4) WEIZENSENSITIVITÄT

Neben der Zöliakie / Sprue (s.o.) scheinen viele Menschen auf Weizen zu reagieren. Manche Autoren (z.B. William Davis  – Spiegelbestseller „Weizenwampe“) machen Weizen für eine Vielzahl von Zivilisationserkrankungen insb. Fettleibigkeit, Diabetes und Herzkreislauferkrankungen verantwortlich. Daneben kann Weizen in der Ernährung Entzündungsprozesse im Körper auslösen und u.a. chronische Darmentzündungen verschlimmern.

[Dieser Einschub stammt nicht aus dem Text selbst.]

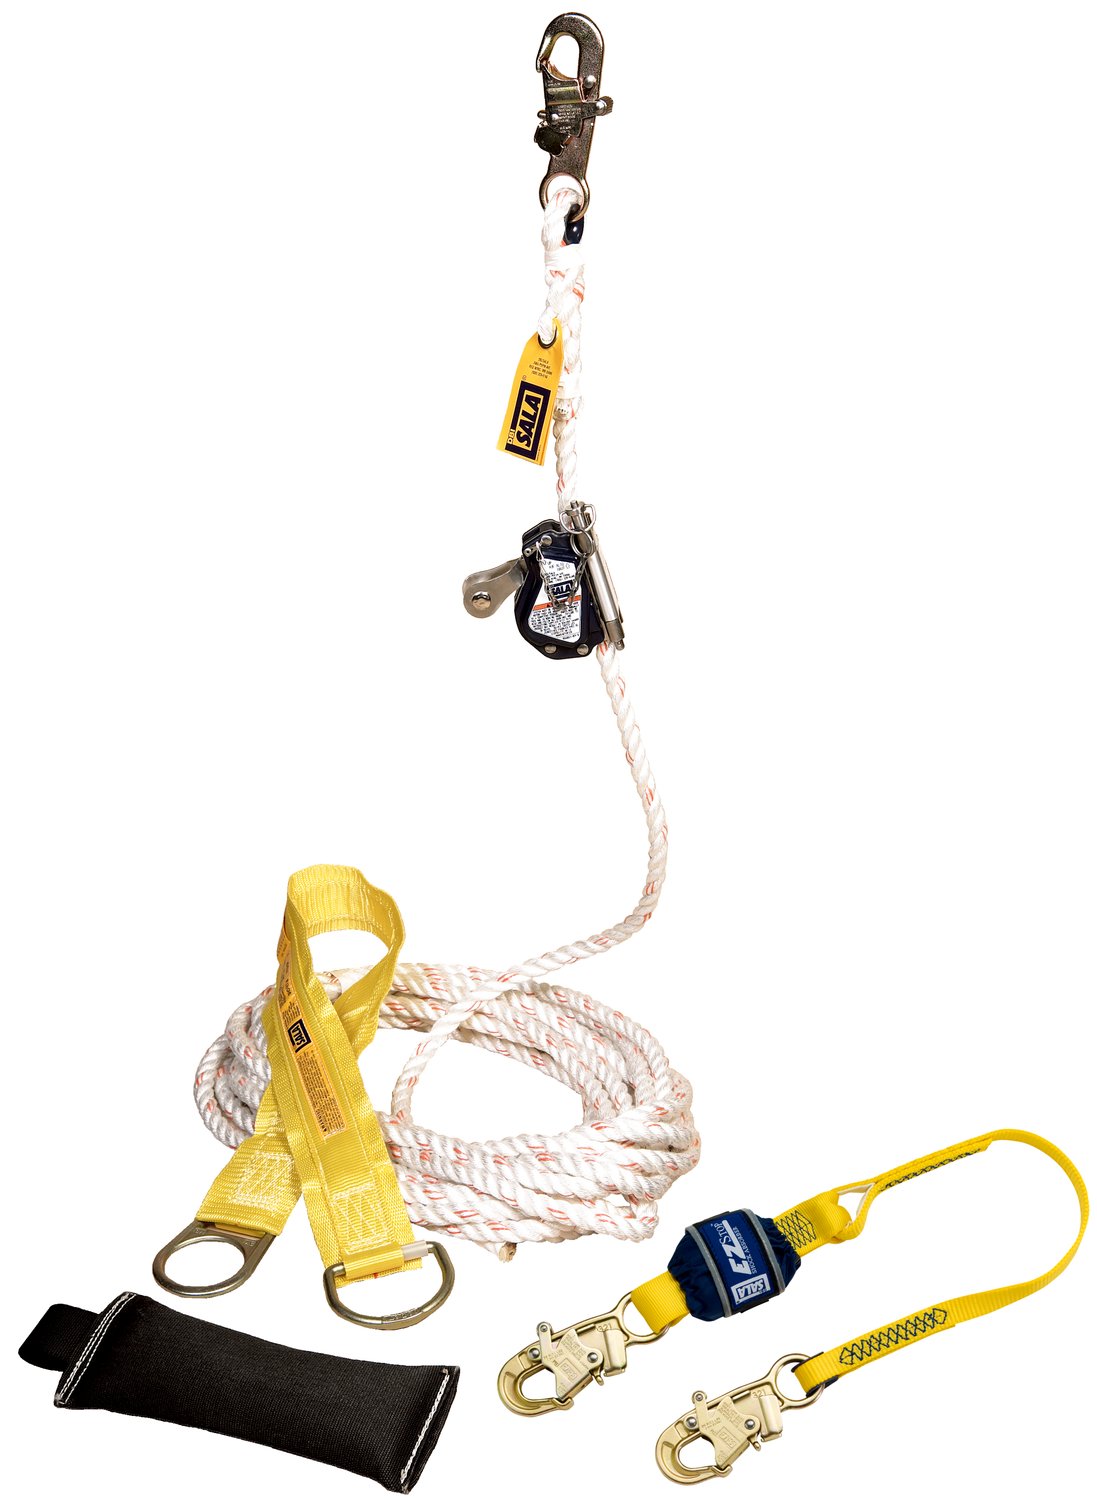 7100305085 - 3M DBI-SALA Lad-Saf Mobile Rope Grab Kit 5009082, Anchor, Rope Grab/Lanyard, Counterweight, Bag, Lifeline, 50 ft
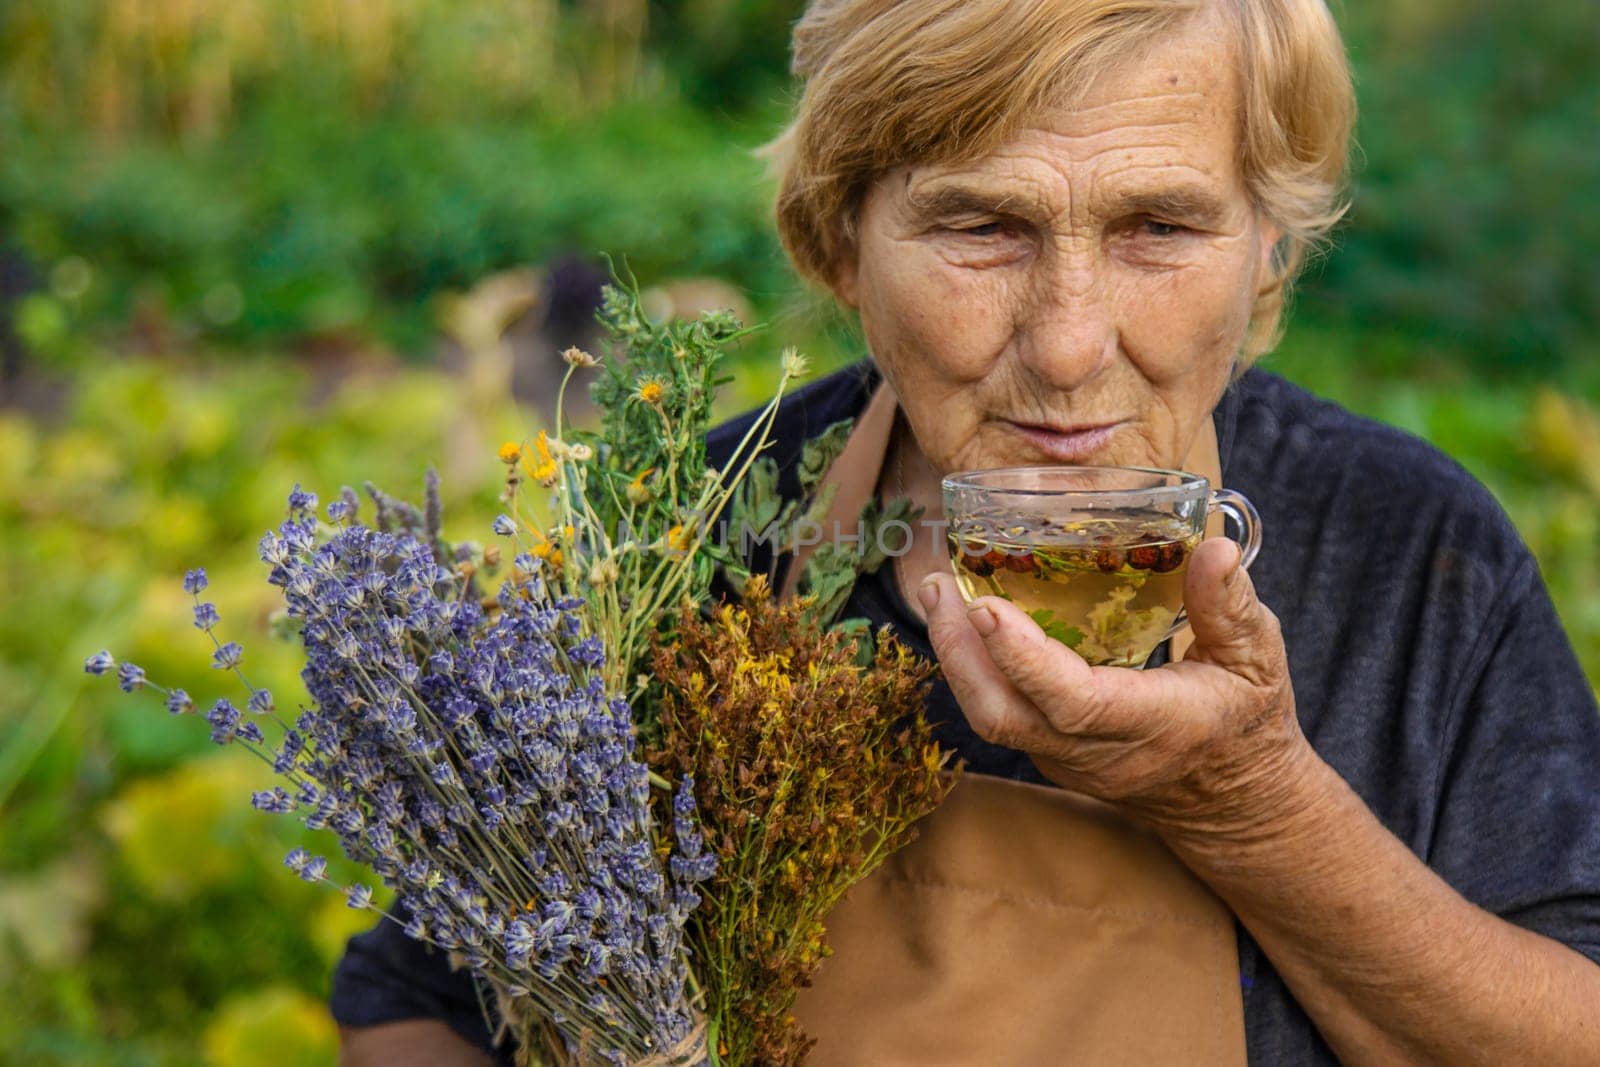 An elderly woman brews herbal tea. Selective focus. by yanadjana

Manche bringen Weizen auch mit Darm- und anderen Krebserkrankungen in Verbindung.

Nicht verwechselt werden sollte der recht weit gefasste Begriff der Weizensensitivität mit einer Weizenallergie oder der Zöliakie (siehe dort). Wir sprechen in diesem Abschnitt über eine Nicht-Zöliakie-Nicht-Weizenallergie-Weizensensitivität (so der formale Fachbegriff) unter der bis zu 4% der Bevölkerung in Deutschland leiden.

Inzwischen hat die Wissenschaft einige problematische Bestandteile des Weizens identifiziert:

– ATIs – Amylase Trypsin Inhibitoren  – kommen in allen glutenhaltigen Getreiden also nicht nur Weizen sondern auch Roggen aber auch alten – wieder in Mode gekommenen Getreidesorten wie Dinkel, Emmer, Einkorn, Kamut vor. Die natürliche Funktion der ATIs ist wohl die Abwehr der Pflanzen gegen Schadinsekten. Je mehr ATIs produziert werden , desto widerstandfähiger  und ertragssicherer wird die Getreidepflanze.  Gar nicht schlecht also auf den ersten Blick. Mit genmanipuliertem Getreide hat das überhaupt nichts zu tun. Es kommt wohl entscheidend auf die Sorte an und nicht unbedingt auf Bio und konventionellen Anbau des Getreides. D.h. es gibt z.B. Dinkelsorten, die viel andere, die wenig ATIs enthalten. Es scheint aber so zu sein, dass die Anwendung leicht löslicher Mineraldünger die Menge an Gluten und hierdurch auch ATIs im Getreide erhöht. Insb. für Fertigpizzen und Aufbackwaren werden besonders kleberreiche (glutenreiche) Mehle verwandt, die hierdurch automatisch auch vermehrt ATIs enthalten.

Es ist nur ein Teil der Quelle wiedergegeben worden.